Computers used to automate social life have also been made the objects of sabotage.
Everyone has probably heard a version of the story about the irate housewife storming
into the nearest PG&E office to do summary justice to a guilty computer with a
shotgun. Incidents of sabotage that contain a "social critique'' have also taken
place. In 1970 an anti-war group calling itself BEAVER 55 "invaded'' a Hewlett
Packard installation in Minnesota and did extensive damage to hardware, tapes
and data. More recently (April, 1980), a group in France (CLODO--The
Committee to Liquidate or Divert Computers) raided a computer software firm in
Toulouse, destorying programs, tapes and punch cards.

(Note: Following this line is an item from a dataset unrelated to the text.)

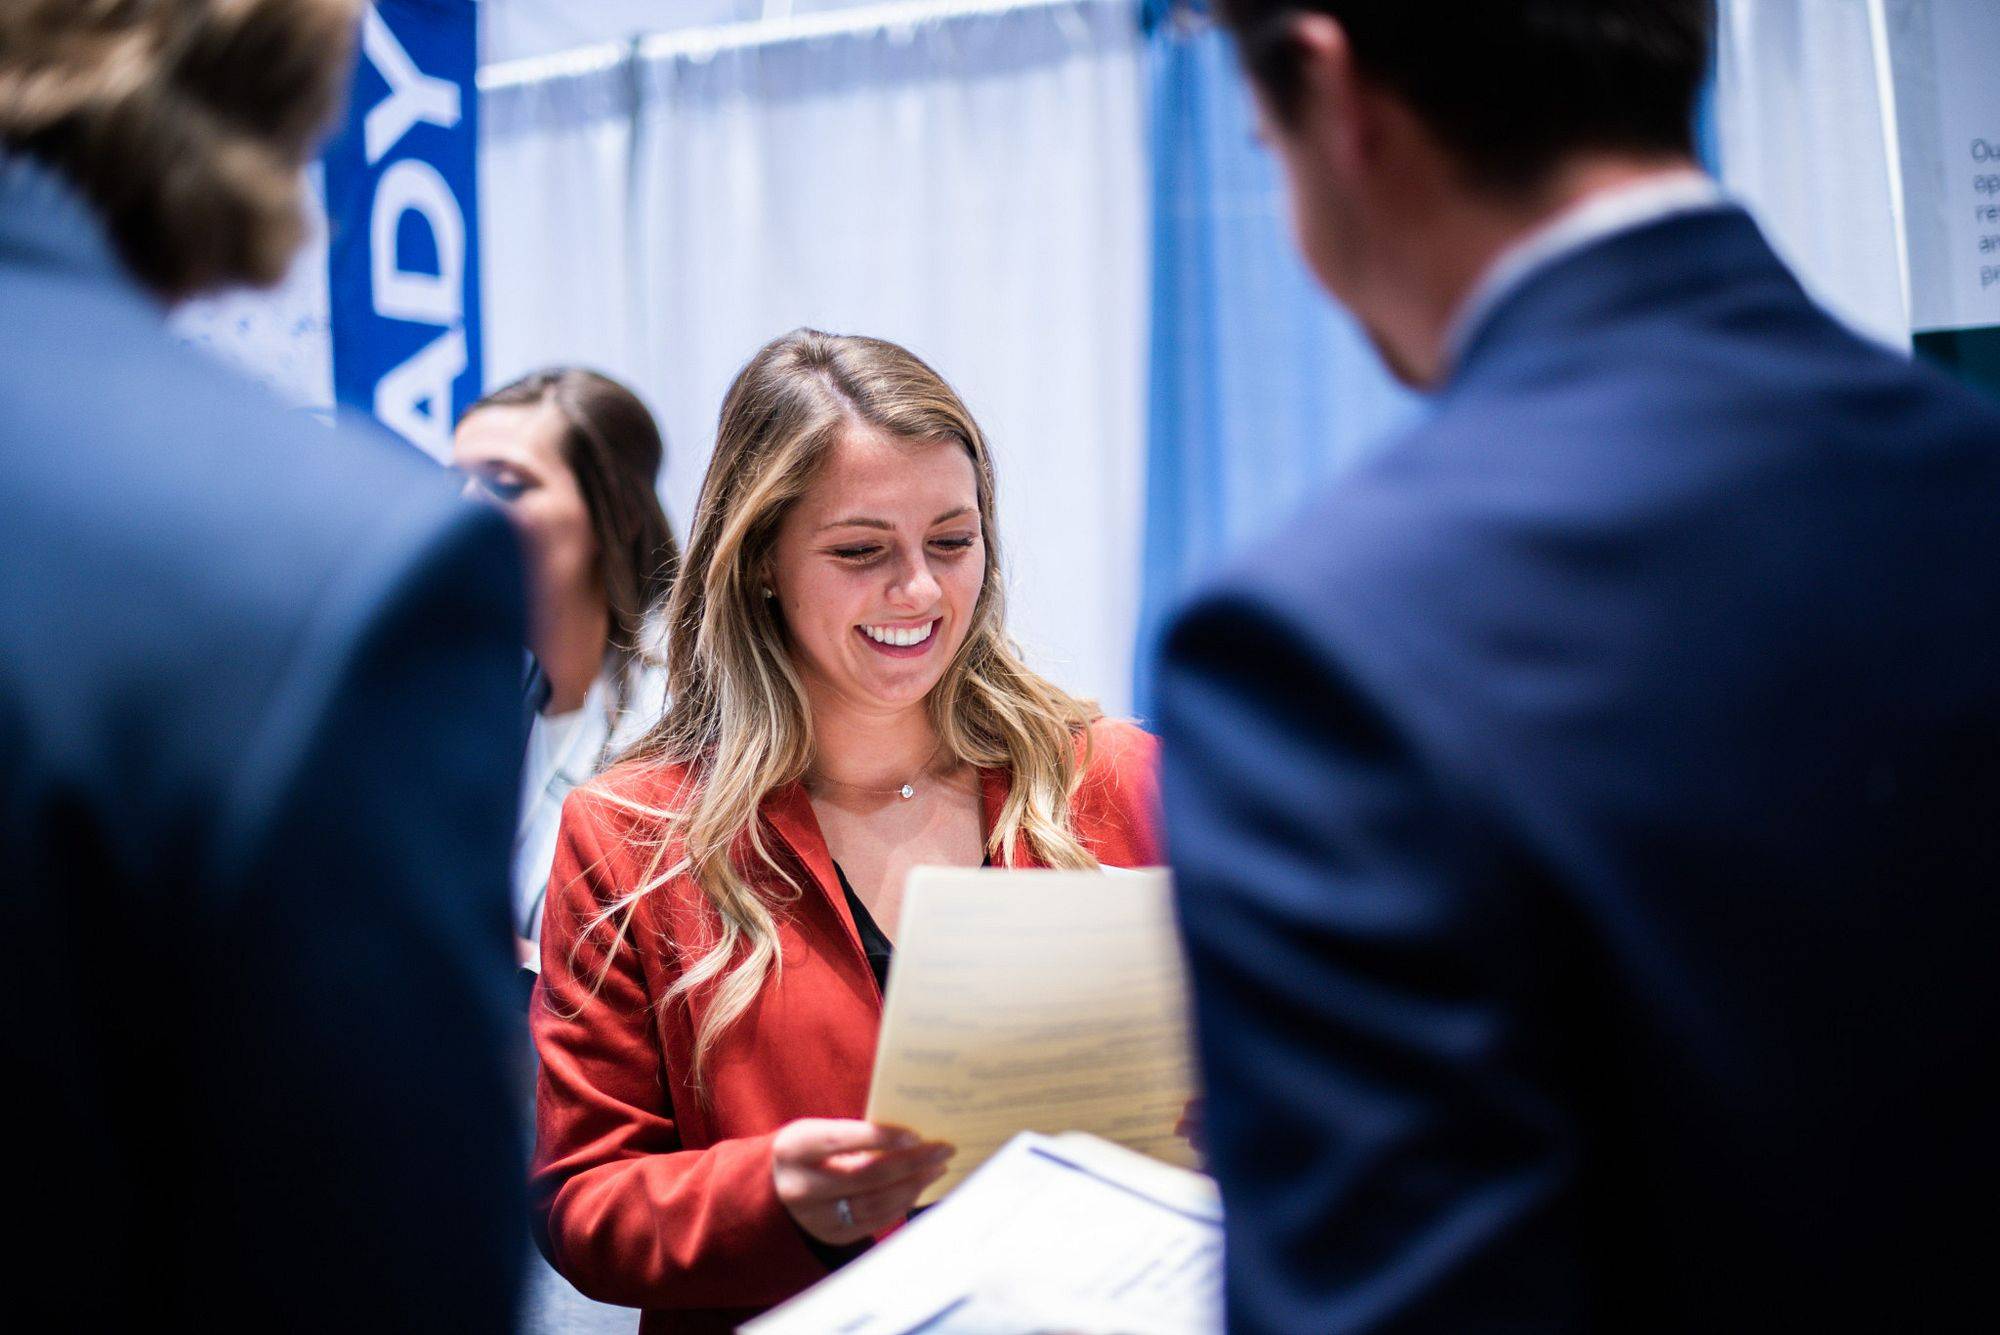 A student speaks with an employer at the GVSU Career Fair

In the first case attacking a centralizing source of information was a way to
both protest and sabotage U.S. involvement in the Vietnam war. The French group,
which had many computer workers as members, went further, condemning computers
for warping cultural priorities as well as for being the preferred tools of the
police and other repressive institutions. The implications of the repressive and
socially negative ways in which computers are used need to be explored. However,
in their emphasis on massive destruction, groups such as the above direct themselves
too much against the technology itself (not to mention those groups' authoritarian
internal structure). They do not pursue the positive aim of subverting computers,
of exploring the relationship between a given technology and the use to which
it is put. In this sense, pranks and theft, often carried out spontaneously and
almost always individually, are more radical than the actions of those who group
themselves around a specific political ideology.

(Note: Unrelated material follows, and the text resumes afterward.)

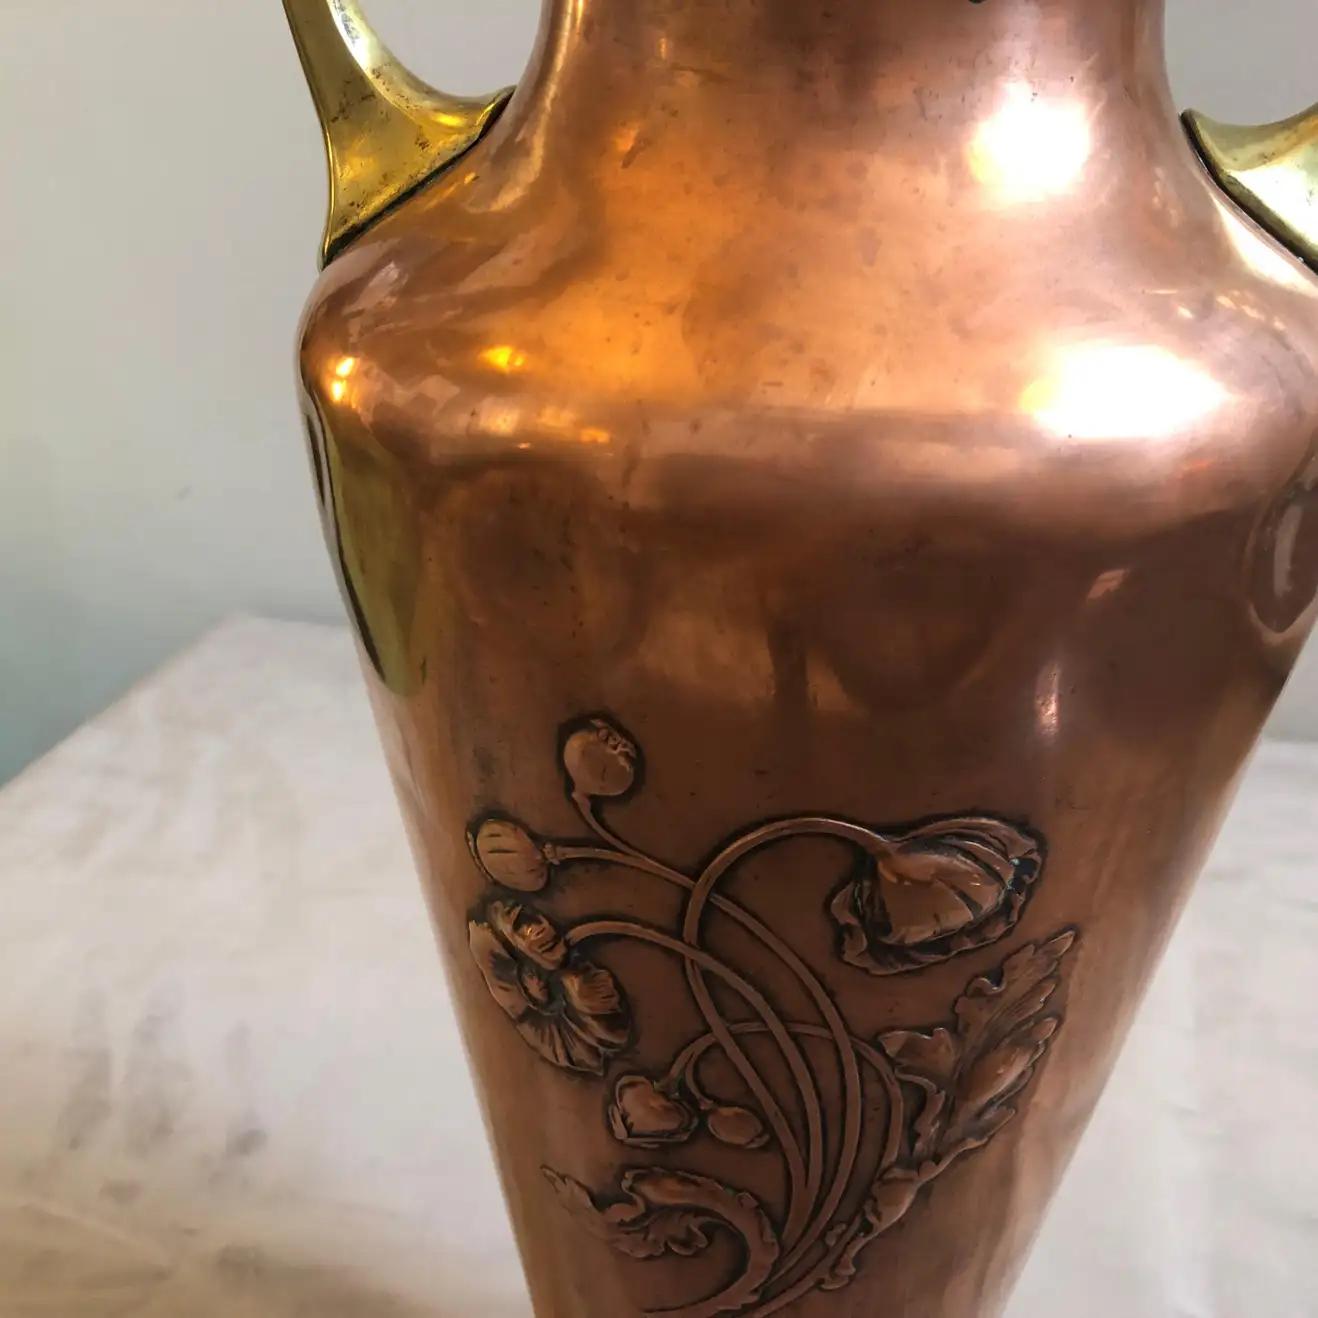 An Amphora vase made in Germany by WMF in 1900, it's an amazing example of Art Nouveau. It has normal signs of the use and the age.

All of these tendencies, the pranks, stealing and destruction in offices, strikes
and occupations by computer workers, and spectacular bombing and arson attacks
by left-wing groups imply a common desire to resist changes that are being introduced
without our consent. The technology that has been developed to maintain profits
and existing institutions of social control is extremely vulnerable to sabotage
and subversion, especially in this transition period. If we are to avoid an alienated
electronic version of capitalism, in which control is subtle but absolute, we
will need to extend the subversion of machines and work process to an all out
attack on the social relations that make them possible.